I know this has been discussed greatly in the past, and as a brief recap:

I love OpenAPI, have been pushing it hard at work, and I also love contract testing. JSON Schema is fantastic at contract testing, doing this sort of thing:

screen shot 2017-11-30 at 4 04 05 pm

@darrelmiller likes the idea, but this is really tricky as the very act of using JSON Schema is causing me to write invalid OAI files. I regularly use type: ['string', 'null'] and luckily various parsers support that, even though its invalid.

It's so common for OAI users to use type: ['string', 'null'] that tools are already hacking in support on top of the spec, creating a superset of functionality that only works on some tools...

So that same thread @darrelmiller asked this question:

Do we special case that particular use of the array?

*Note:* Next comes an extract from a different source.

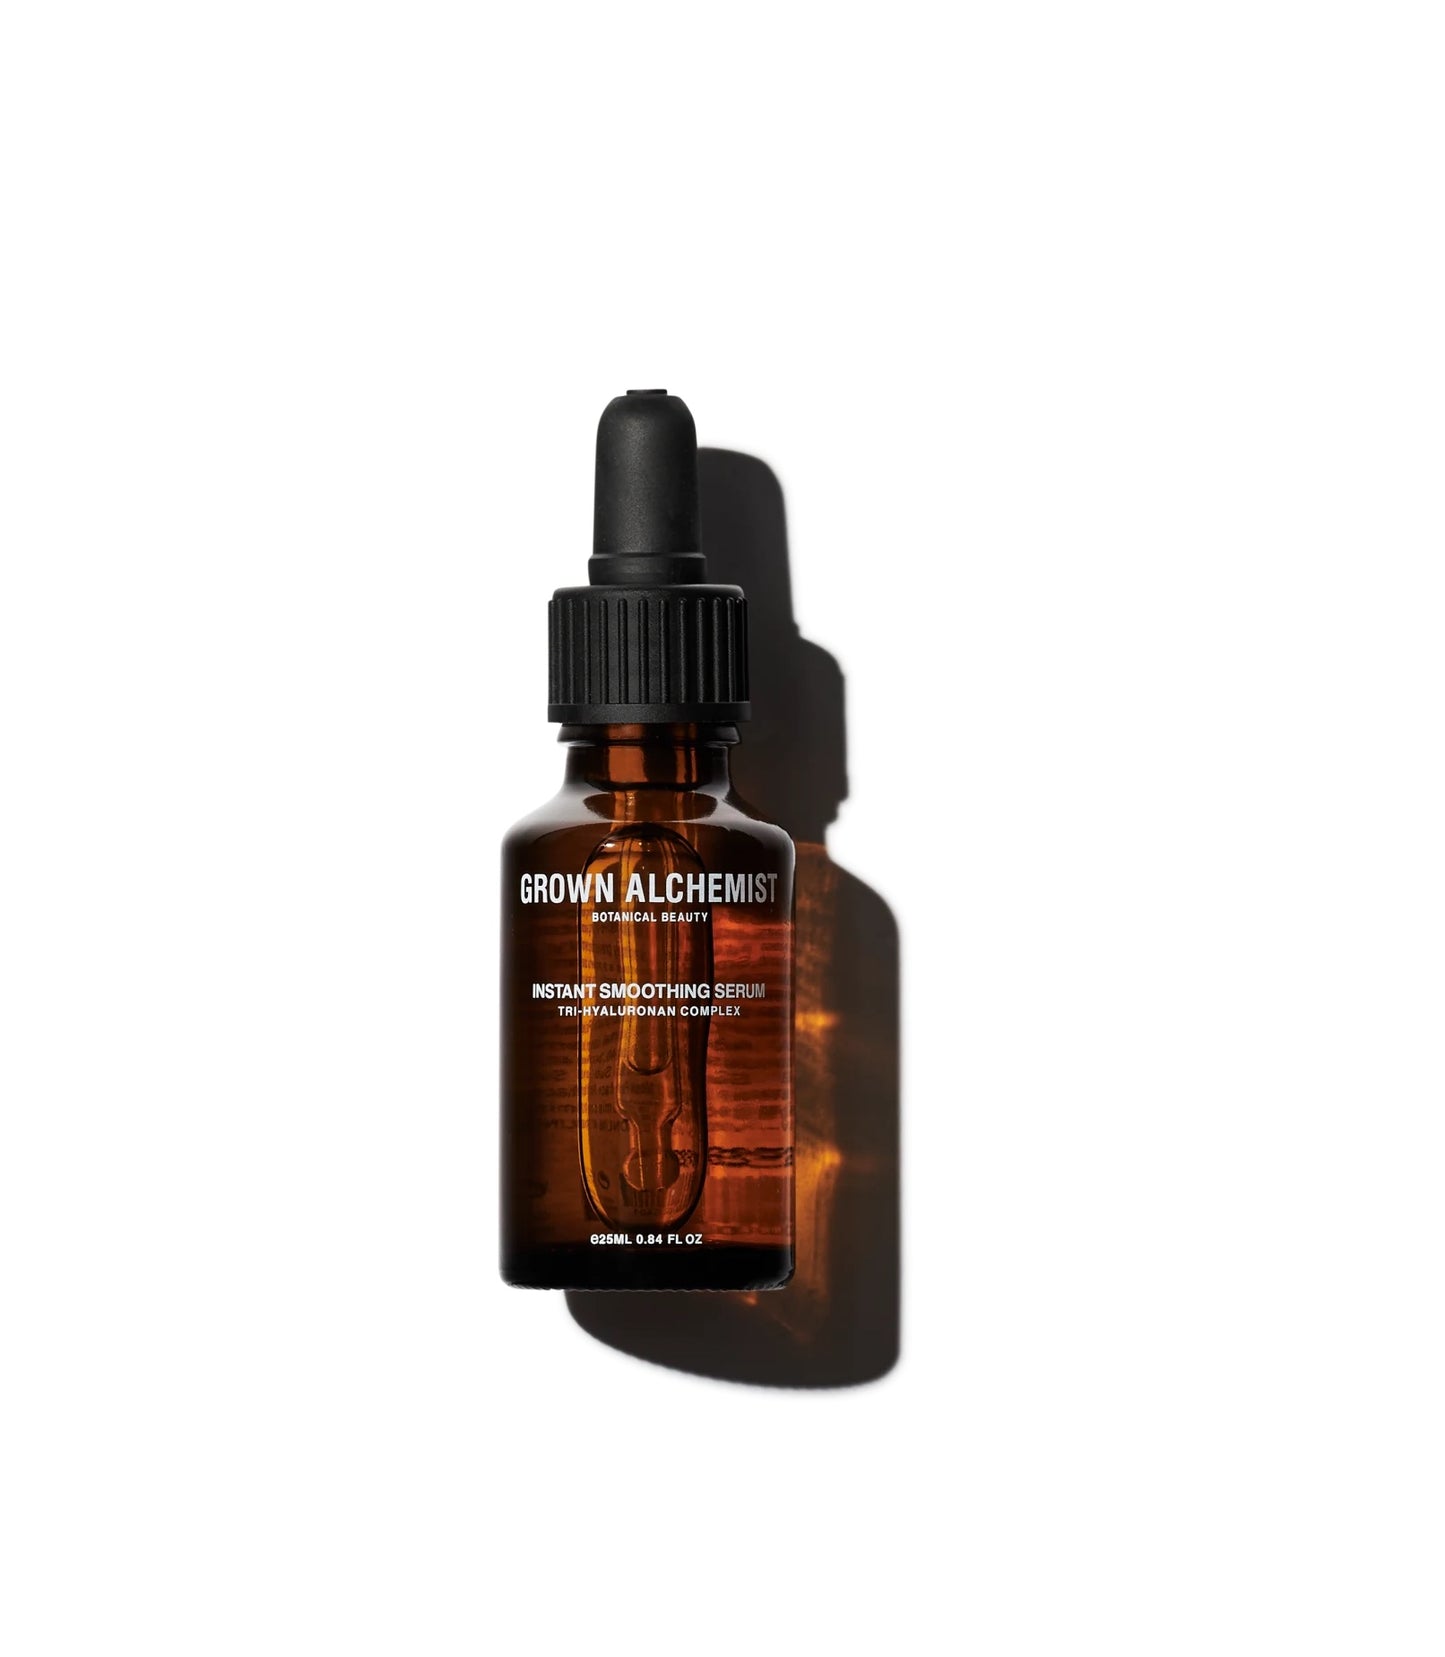 Instant Smoothing Serum: Try-Hyaluronan Complex
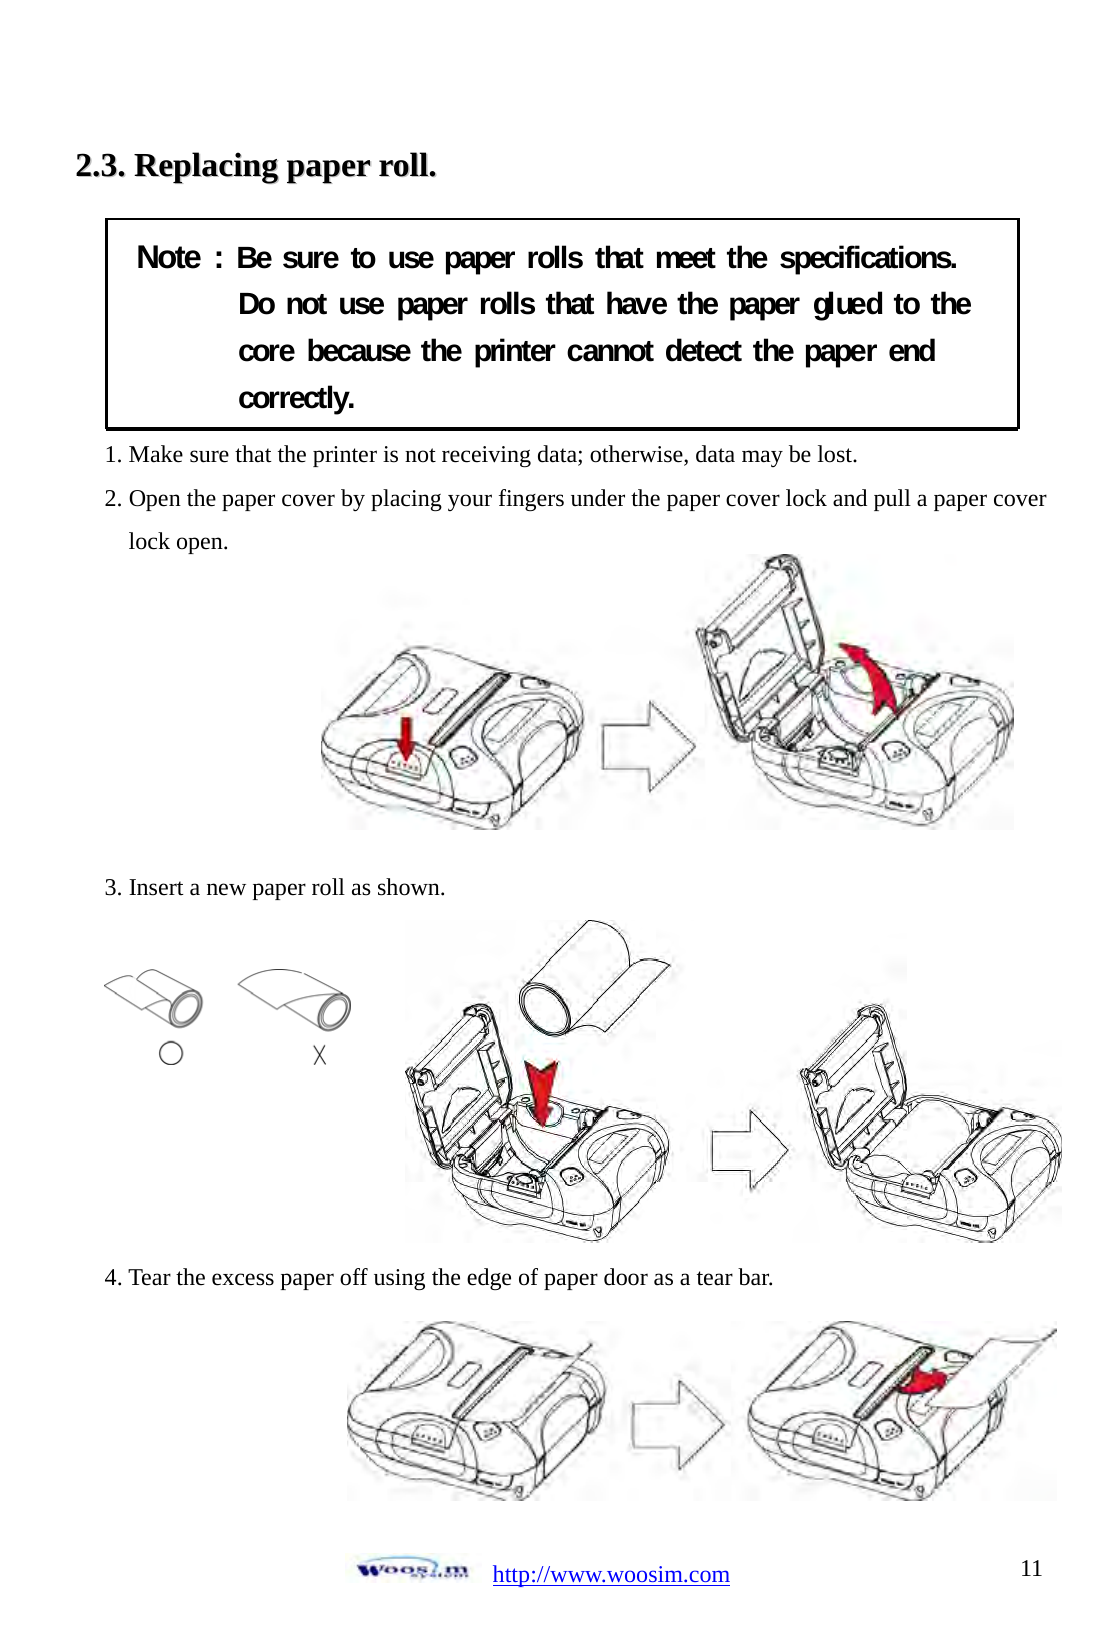  http://www.woosim.com 1122..33..  RReeppllaacciinngg  ppaappeerr  rroollll..                                Note : Be sure to use paper rolls that meet the specifications.Do not use paper rolls that have the paper glued to thecore because the printer cannot detect the paper endcorrectly.  1. Make sure that the printer is not receiving data; otherwise, data may be lost. 2. Open the paper cover by placing your fingers under the paper cover lock and pull a paper cover lock open.         3. Insert a new paper roll as shown.         4. Tear the excess paper off using the edge of paper door as a tear bar.

Or do we give the middle finger to people who want to generate models?

Honestly it would be fantastic if there was some sort of solution that lead to JSON Schema and OAI handling types identically (supporting a recommendation for "Parameter Bags" to avoid giving out middle fingers as not all languages support union types, etc), but I will be happy to just avoid that whole can of worms.

I change my stance on this and suggest we go with @handrews' proposal:

if an array, one of the unique items MUST be "null"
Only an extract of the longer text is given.